The Mesoamerican ballgame -- with its image of a ball going through a ring – always brings basketball to my mind. Indeed there is likely a close relationship between the two games. Last week's Charlie's Digs focused on the introduction to Europe of the Mesoamerican idea of team sport and the concept of a team as a winner in a sporting event -- a significant break from previous European individualized sport -- in which only individuals competed and only individuals won.
Most archeological sites in Mesoamerica have at least one ball court with its characteristic capital "I" shaped playing field with a vertically placed ring high on each side of the court. Hundreds of years after the conquest and the introduction of the idea of team sports to the western world, the Mesoamerican ballgame again played a role in sports. This time it led to the development of basketball, today one of the world's most popular games.
Basketball was invented in 1891 by Canadian athletic coach, James Naismith. With a B.A. in Physical Education from McGill University, Naismith worked his way through seminary as a Physical Education instructor at his alma mater. In 1890 Naismith graduated with a degree in Theology from The Presbyterian College of Montreal but decided to combine theology with his love of sport. Instead of taking a pastoral position he relocated to Springfield, Massachusetts and a job at the Young Men’s Christian Association (YMCA) Training Center – now Springfield College.

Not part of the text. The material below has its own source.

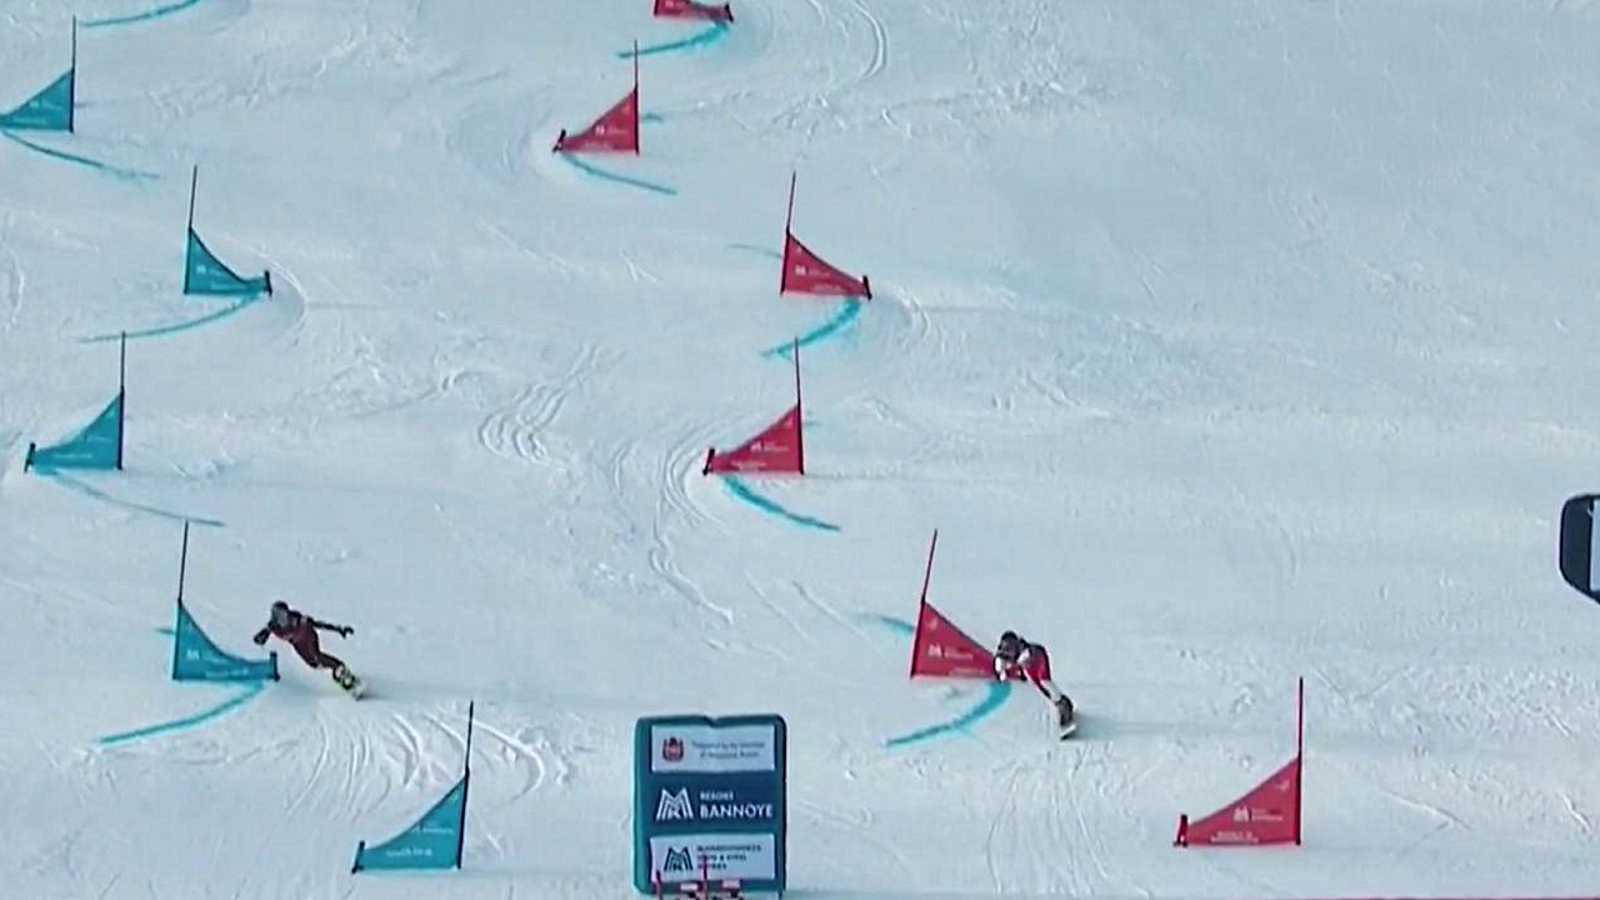 Snowboard - FIS Snowboard Copa del mundo magazine - Programa 1 - ver ahora

In 1891 Naismith was asked by the director of the YMCA program, Dr. Luther Gulick, to "create an indoor game that would provide an 'athletic distraction' that didn’t take up much space, and could help track athletes keep in shape.” Gulick explicitly emphasized, “It should be fair for all players and not too rough." Naismith seized on the opportunity to concurrently design a game his American football team could play during the long winter months. He believed maintaining physical conditioning would give his team an advantage over opponents when football season rolled around.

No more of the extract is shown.